**WORK ITEM:**
For this exercise, output exactly and only the lines running from the one with "MOJUL/We Want Justice" through the final line of the data below, without pictures.

**INFORMATION SHOWN:**
== == ==

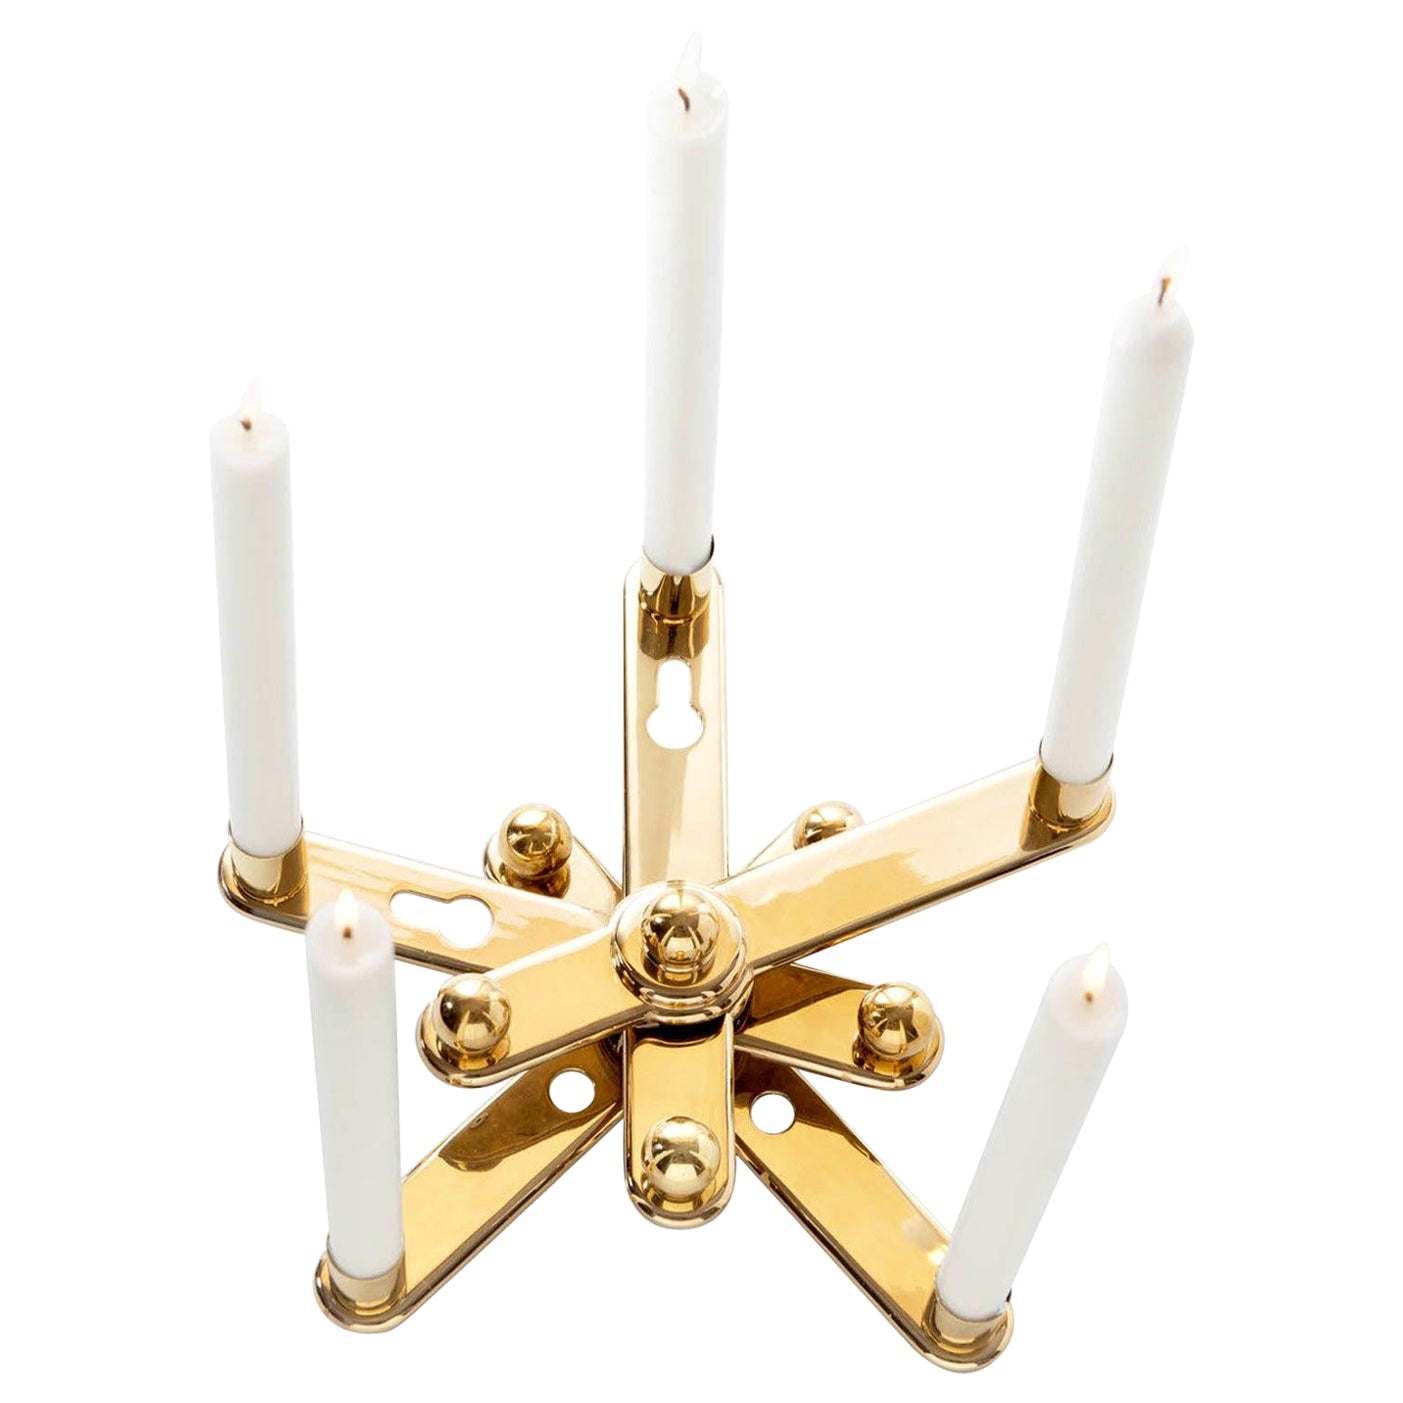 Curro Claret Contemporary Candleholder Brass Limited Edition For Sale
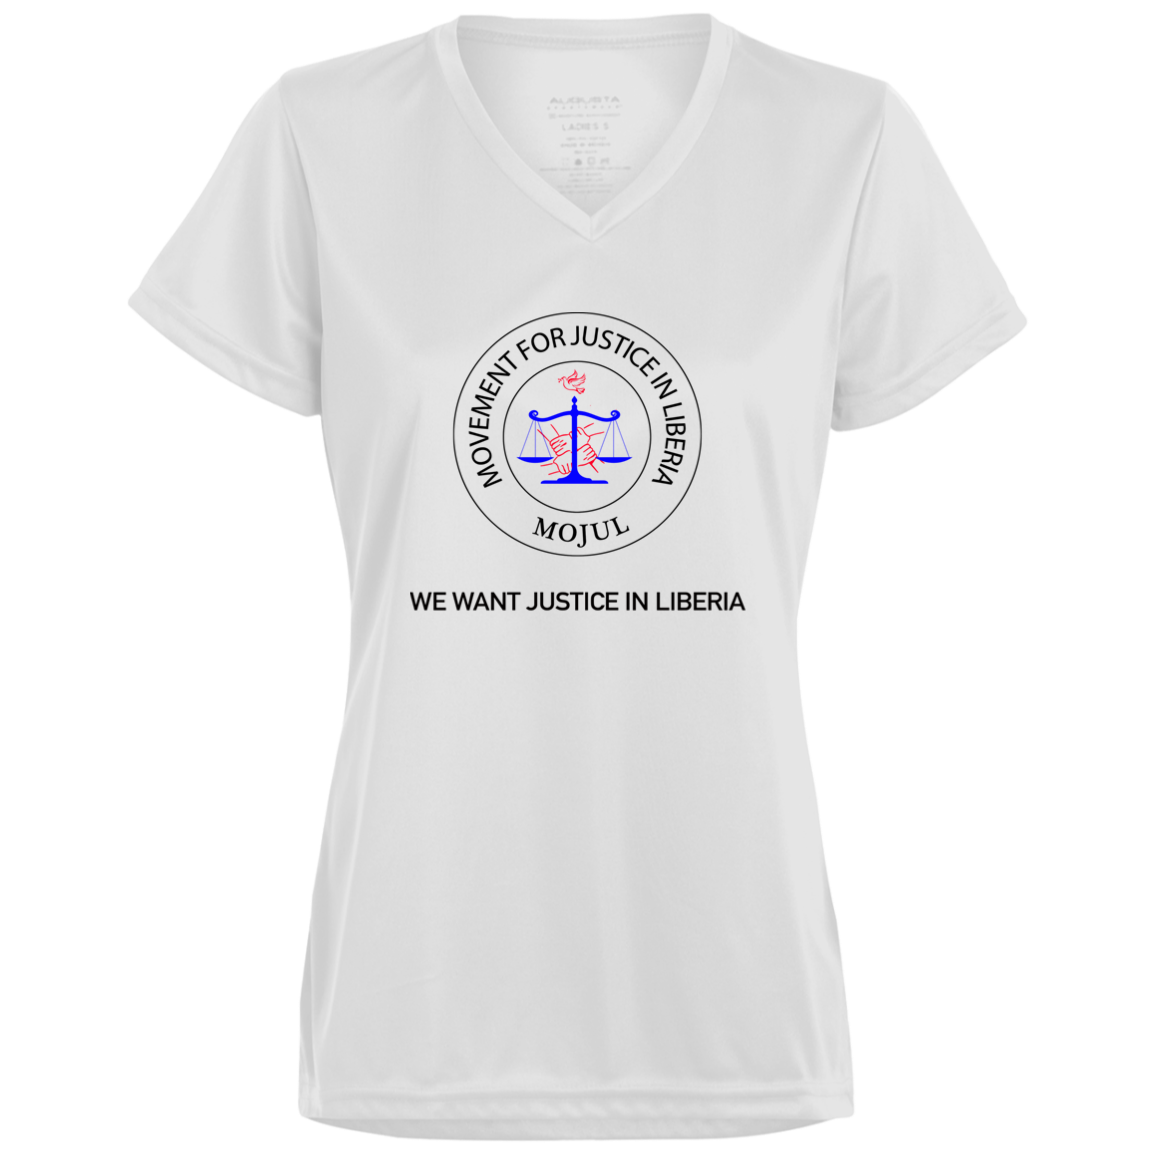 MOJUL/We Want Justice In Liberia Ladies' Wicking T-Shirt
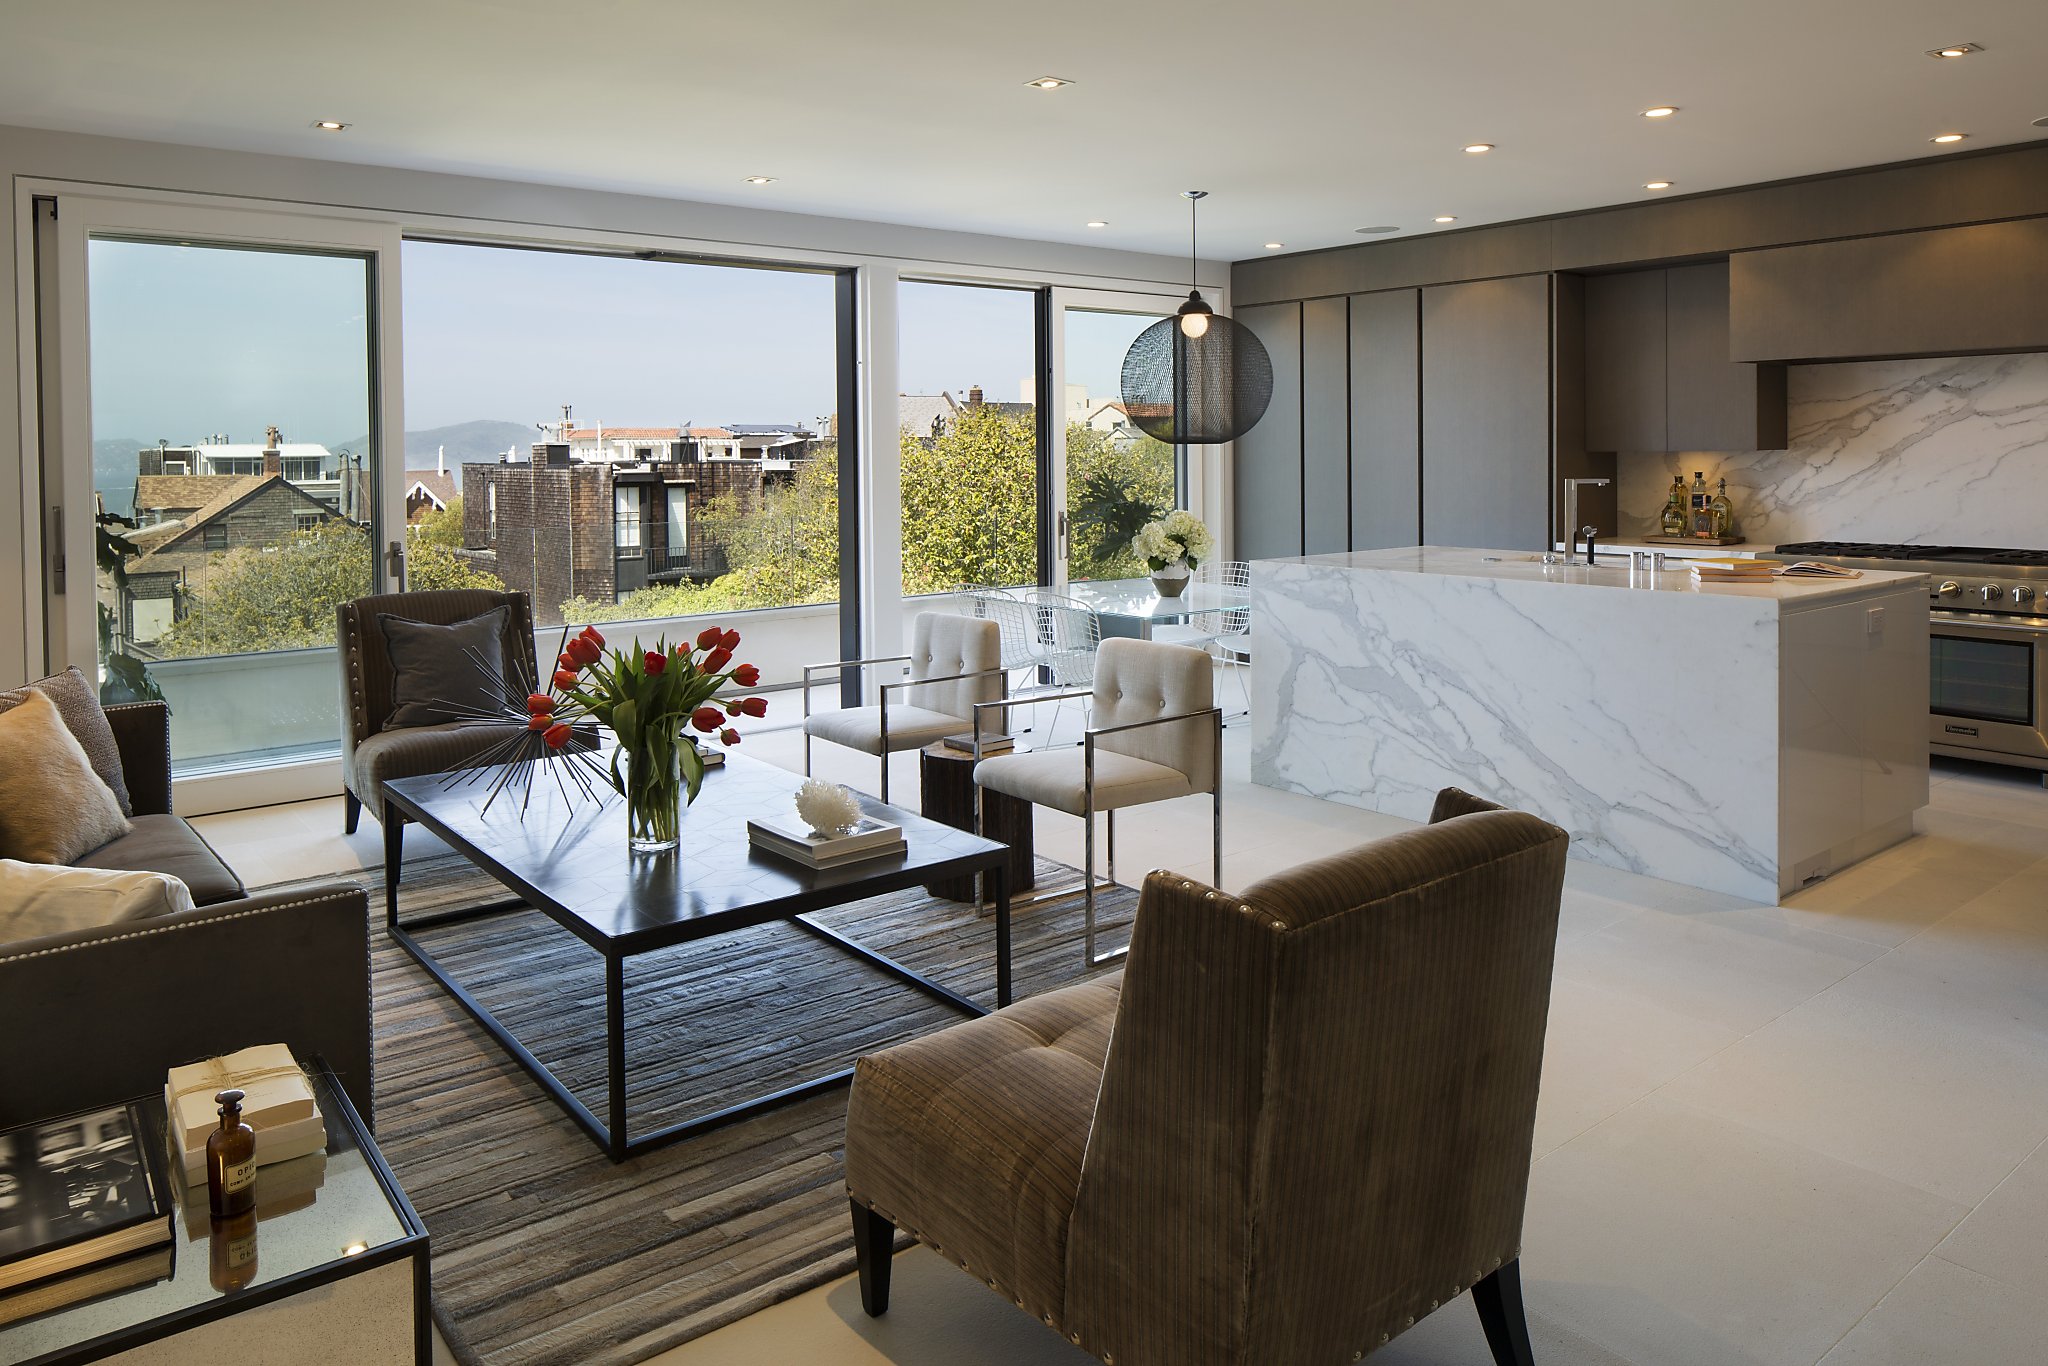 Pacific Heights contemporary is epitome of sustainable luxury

== == ==

**RESPONSE BELOW:**
 MOJUL/We Want Justice In Liberia Ladies' Wicking T-Shirt
 Pacific Heights contemporary is epitome of sustainable luxury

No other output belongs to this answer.